I consider two sub-regional measures of financial need from the LSMS dataset: average monthly household consumption expenditures and average monthly per-capita consumption expenditures. All values are assumed to be in 2010 USD, as the LSMS documentation does not specify otherwise. Consumption expenditures encompass the total amount used to purchase any good, and thus includes funds spent on food, transportation, education, etc. It seems likely that one of these measure might be a good substitute for regional MPI for the purposes of evaluating financial need.
I now average across households in the LSMS data to calculate average
monthly household expenditure and average per capita expenditure on a
per district basis. I compare this measure with the Ghanaian regional
MPI measure provided in the kiva_mpi
dataset. By comparing 2010 LSMS
consumption measures with more recent regional MPI measues, we are
implicitly assuming that Ghanaian consumption has stayed reasonably
constant over time.
Below are the results of an OLS estimation of regional MPI on regional average monthly household expenditure.
Dependent variable: | |
MPI | |
avg\_hh\_expend | 0.0005 |
(0.001) | |
Constant | 0.086 |
(0.174) | |
Observations | 10 |
R2 | 0.039 |
Adjusted R2 | -0.081 |
Residual Std.
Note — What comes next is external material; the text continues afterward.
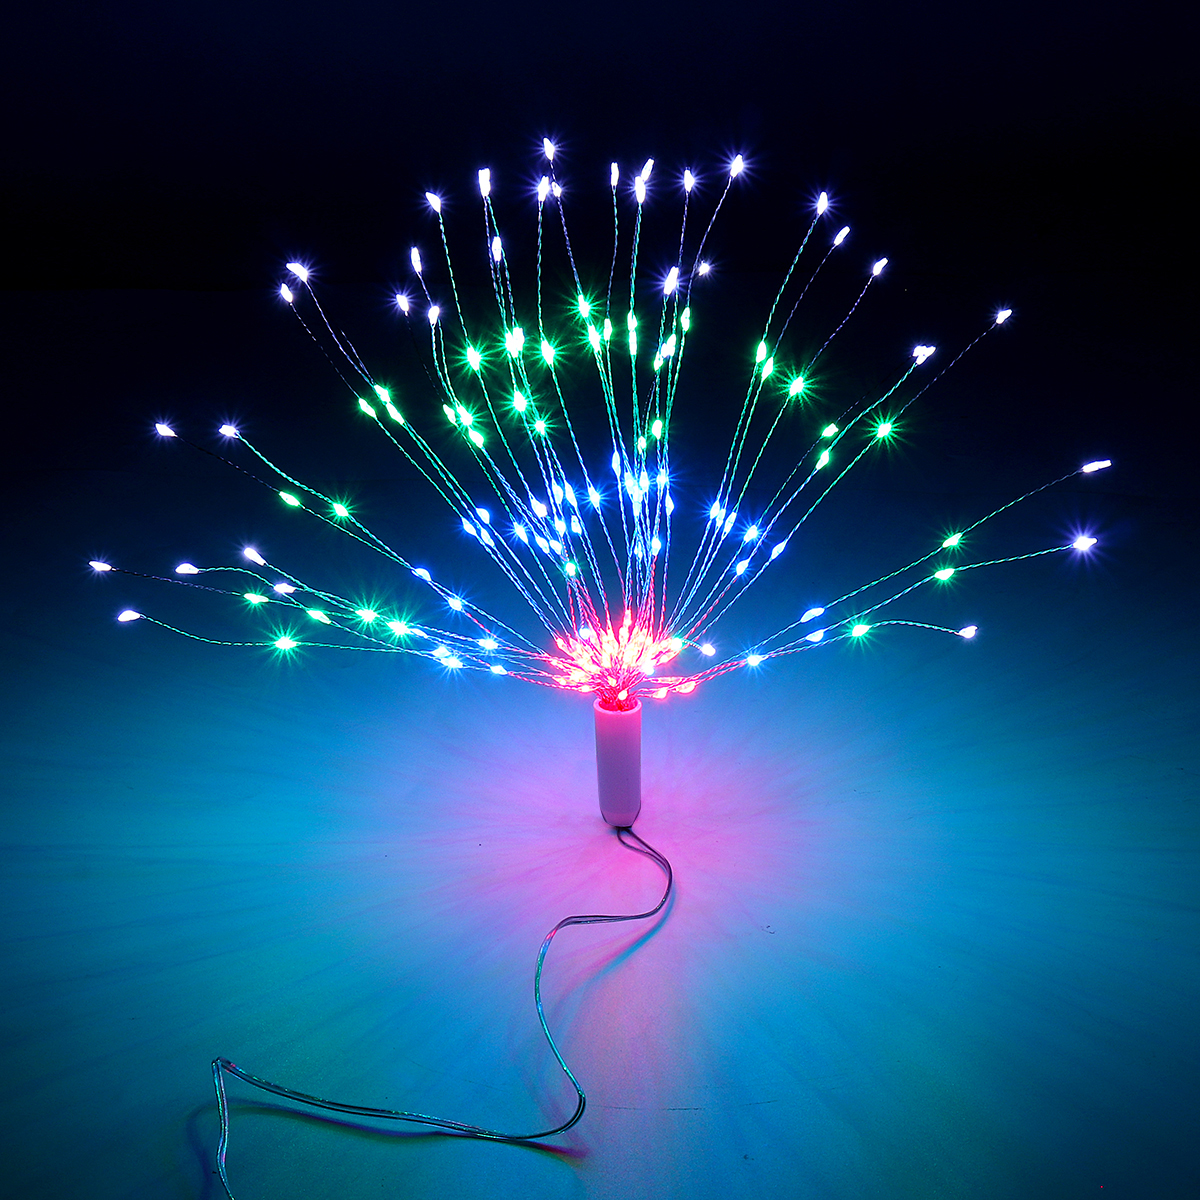 USB-Powered-DIY-Firework-Starburst-180-LED-Fairy-String-Light-Remote-Control-Christmas-Decor-DC5V-1378366-8

Error | 0.102 (df = 8) |
F Statistic | 0.327 (df = 1; 8) |
Note: | *p<0.1; **p<0.05; ***p<0.01 |
The OLS estimation shows regional average monthly household expenditure to be a poor approximation for regional MPI. So I turn to the alternative measure of average per capita expenditure.
Dependent variable: | |
MPI | |
avg\_per\_cap\_expend | -0.002\*\*\* |
(0.0004) | |
Constant | 0.388\*\*\* |
(0.060) | |
Observations | 10 |
R2 | 0.618 |
Adjusted R2 | 0.570 |
Residual Std. Error | 0.064 (df = 8) |
F Statistic | 12.930\*\*\* (df = 1; 8) |
Note: | *p<0.1; **p<0.05; ***p<0.01 |
In contrast, average per capita consumption appears to be a reasonable substitue for regional MPI. Note that a MPI of 1 indicates deprivation, which is defined as a level below a subjective poverty cutoff, across every dimension of the index. Hence the negative relationship to per-capita expenditures.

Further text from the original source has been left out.